Brandon Marshall credits his father, grandfather (also a musician) and brother with instilling in him a love of traditional country music. It’s a love without shame for Marshall and his bandmates.

“It’s where we all came from,” he said. “The band was looking for a niche, stuff no one else does. We do no Top 40, and we occasionally catch song slack. A guy at the Post was blowing us [crap] while we were playing for not playing pop country. He was an older guy, and that’s where most of the slack comes from, the 40- and 50-year-olds.”

But Marshall said the bar owners love it because it brings in a younger crowd. “It’s always cool to go into a bar a see the young people digging it,” he said. “We do a lot of stuff from [the Johnny Cash biopic] Walk the Line and they just eat it up.”

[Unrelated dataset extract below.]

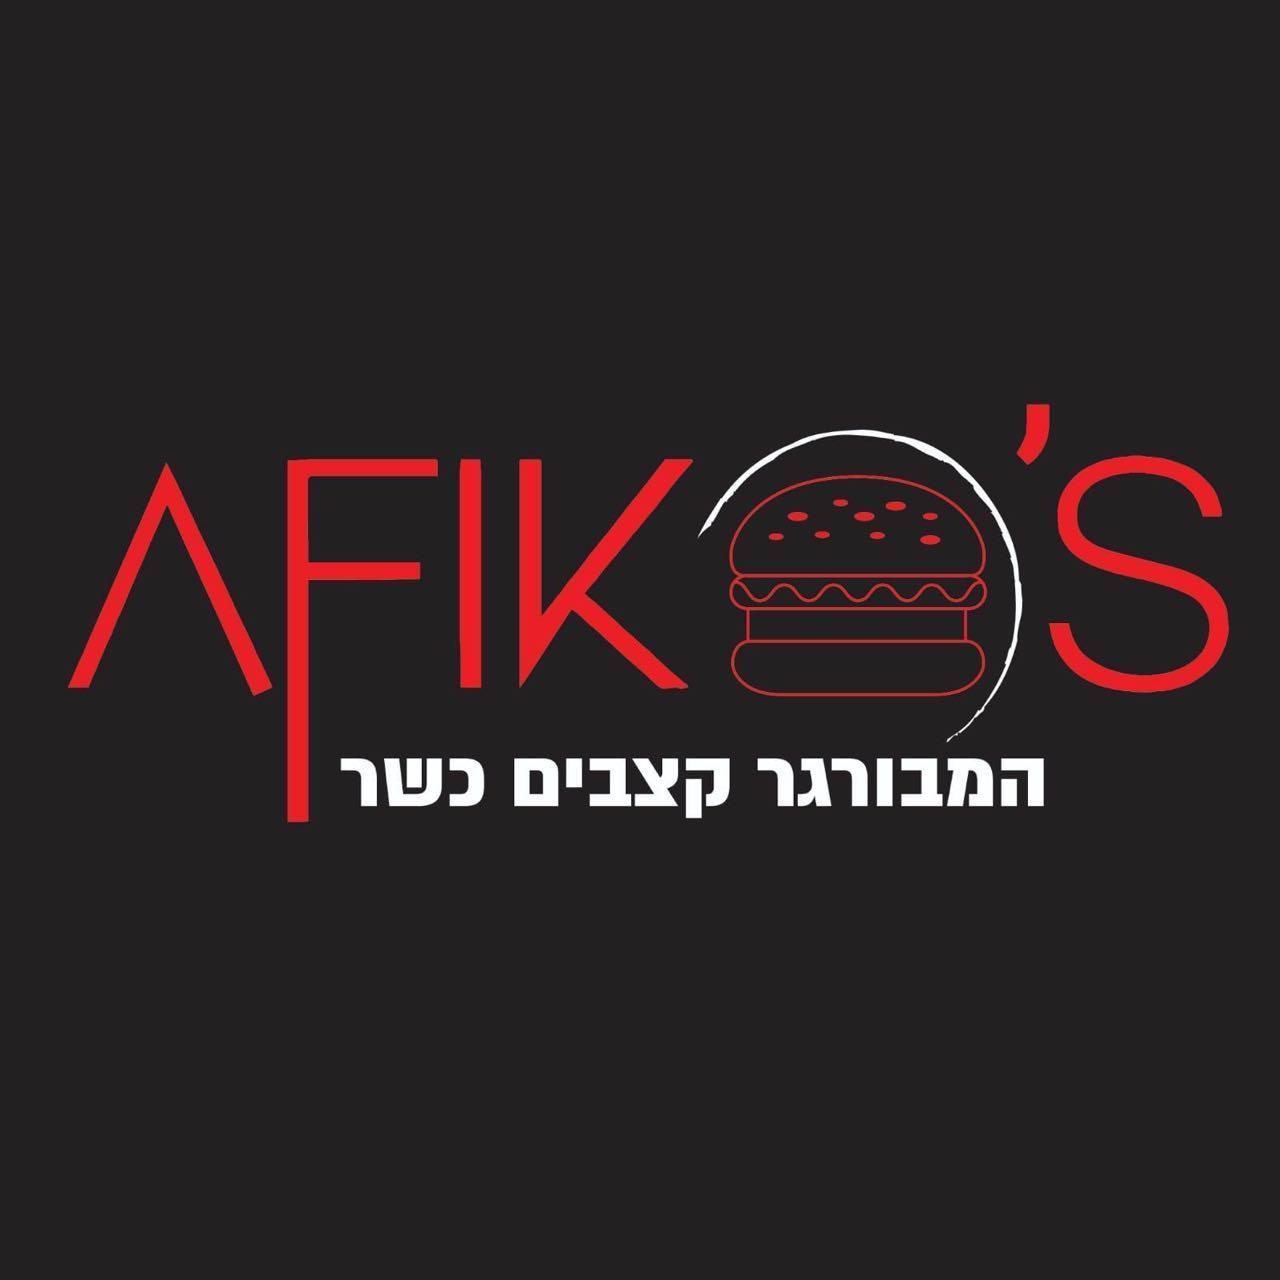 AFIKO'S המבורגר קצבים לוגו

The country scene in Fort Wayne is surprisingly small compared with the overall popularity of the genre. Only a few bars feature country as the main draw, so fans tend to pick one and stick with it. The Neon Armadillo has become the de facto home of Huckleberry Blue in the Fort. The clientele there recently voted Huckleberry Blue Best Band in a contest. Marshall said the limited venue options have been a hindrance to gaining a wider audience, so they also book gigs in Pierceton, Bloomington and Niles, Michigan.

“Fort Wayne’s just tough as far as the local country music scene goes,” he said. “It’s just tough. You gotta choose which bridges you want to burn.”